In the summer of 2003, the group released Hourglass, their first new studio album in 31 years. Well received by fans and critics alike, the album drew on various musical styles that demonstrated Glass Harp's many influences and individual talents. In October, Glass Harp made a second appearance at the Rock and Roll Hall of Fame, again featuring a performance and a Q&A moderated by Rock Hall curator James Henke.

In 2004 the band went on a short U.S. tour in support of their triple-live album Stark Raving Jams (a collection of various live instrumental and improvisational material from throughout their career). The album/tour served to successfully re-introduce Glass Harp into the jam band scene, in which they are now considered a pioneering group.

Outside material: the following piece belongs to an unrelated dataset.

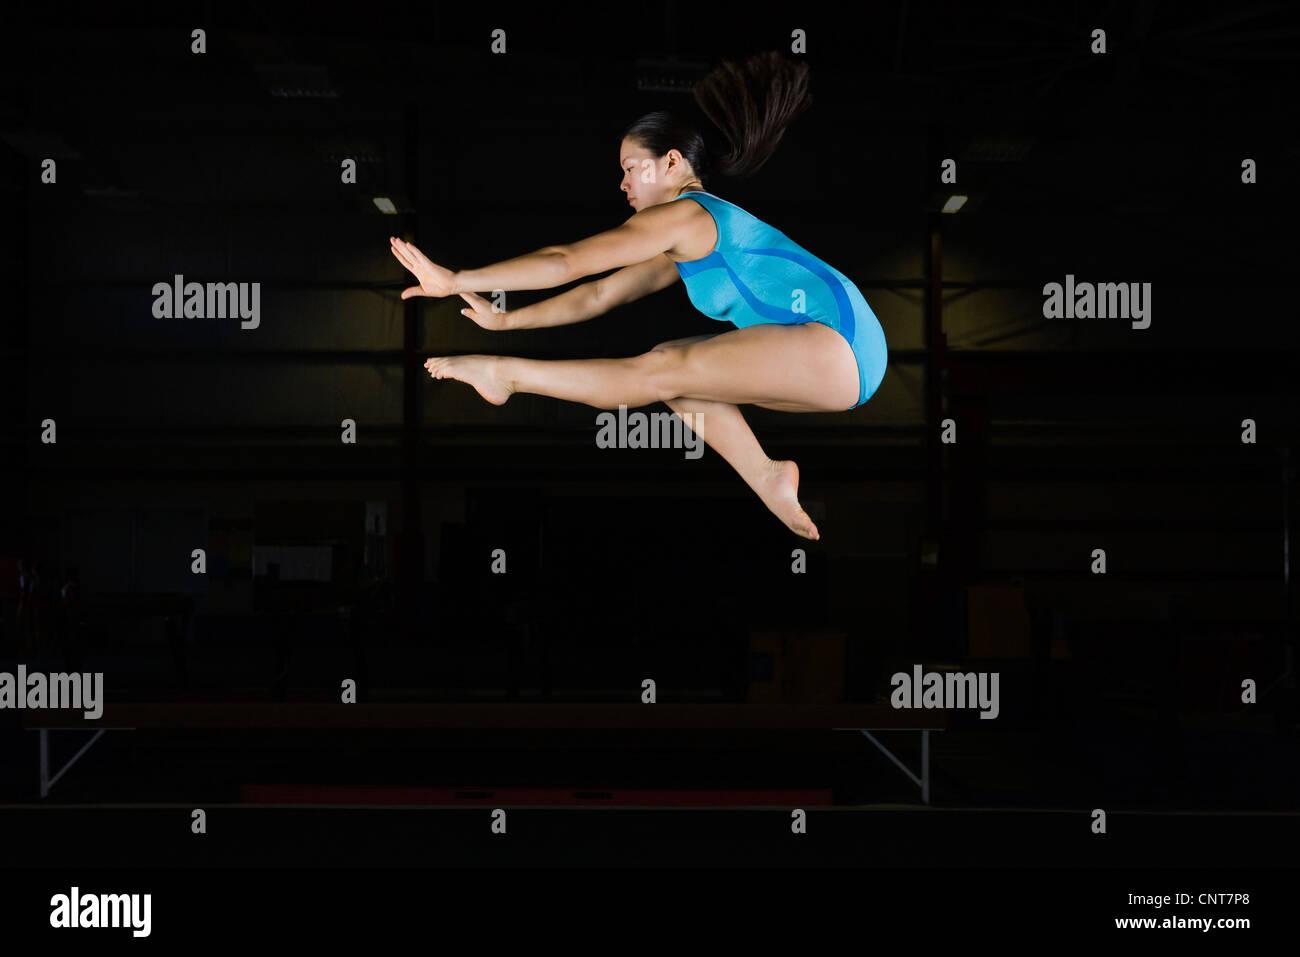 Teenage girl gymnast jumping on balance beam - Stock Image

In 2004, guitarists Greg Martin (of the Kentucky Headhunters) and Rick Derringer joined Glass Harp on stage at the Dallas International Guitar Festival. Martin again appeared with Glass Harp at the same festival in 2006.

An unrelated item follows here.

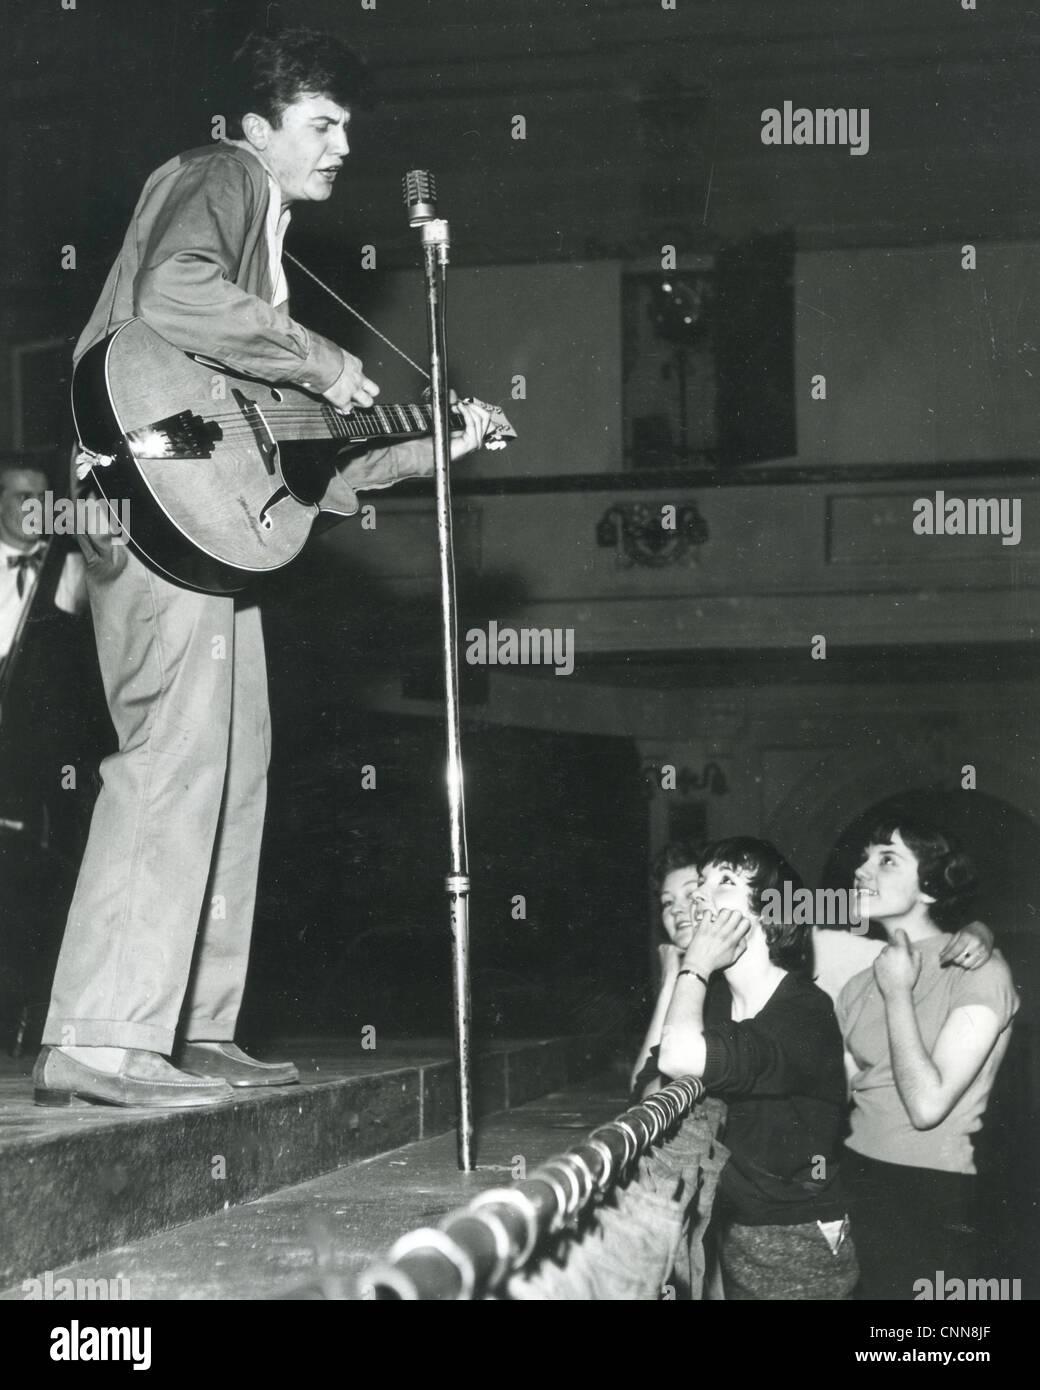 TERRY DENE UK-Pop-Sängerin an der Civic Hall, Croydon, 1958 während der Proben Stockbild

Glass Harp's original Decca studio albums were re-issued on CD in 2005 by Music Mill Entertainment (having first been released on CD in 1993 by Line Records in Germany before quickly going out of print). These releases were remastered with bonus tracks and updated liner notes. As of early 2012, the three Glass Harp titles on Music Mill have gone out of print, and are not yet available for digital purchase.

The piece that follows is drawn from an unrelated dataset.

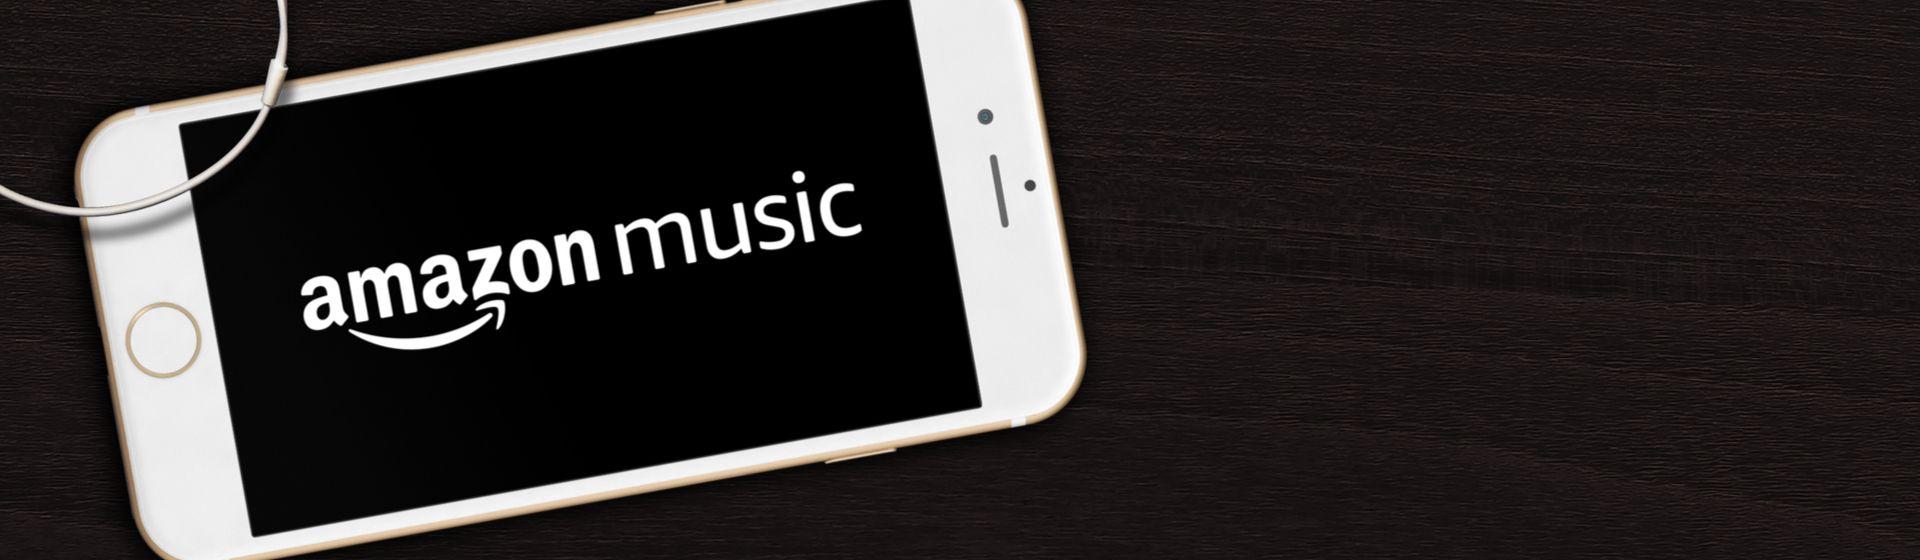 Amazon Music Unlimited: como assinar e usar o app para ouvir músicas

In 2009, Sferra and Pecchio teamed up with Keaggy, Randy Stonehill and guitarist Mike Pachelli as "The Keaggy-Stonehill Band" and played a few dates in support of Keaggy and Stonehill's album Mystery Highway.

During the 2000s, Glass Harp's touring groups included (at various times) diverse instrumentation such as trumpets, trombones, saxophones, mandolins and violins. Most frequently, the band is joined by keyboardist Chris Queen, formerly of the Athens, Georgia, funk band Mr. Tibbs (a group which also included Ted Pecchio, Daniel Pecchio's son, on bass).

==2010–present==
On March 27, 2010, Glass Harp released Live at the Beachland Ballroom 11.01.08. The album was more experimental and free-form in nature than previous Glass Harp recordings, and includes extended versions of older material bridged together by the nearly-sixteen-minute "Beachland Jam". The ten-song project included material from Phil's solo career: "Sign Came through a Window" and "John the Revelator." The album is a recording of a benefit concert that Glass Harp headlined for Roots of American Music (www.rootsofamericanmusic.org), "an organization dedicated to the preservation, performance and education about traditional American music in our schools."

In March 2011 Glass Harp's post-Decca catalog was released on iTunes, and many other streaming/digital services.

On May 7, 2011, guitarist Neil Zaza joined Glass Harp for two songs during their concert at Cleveland's Beachland Ballroom.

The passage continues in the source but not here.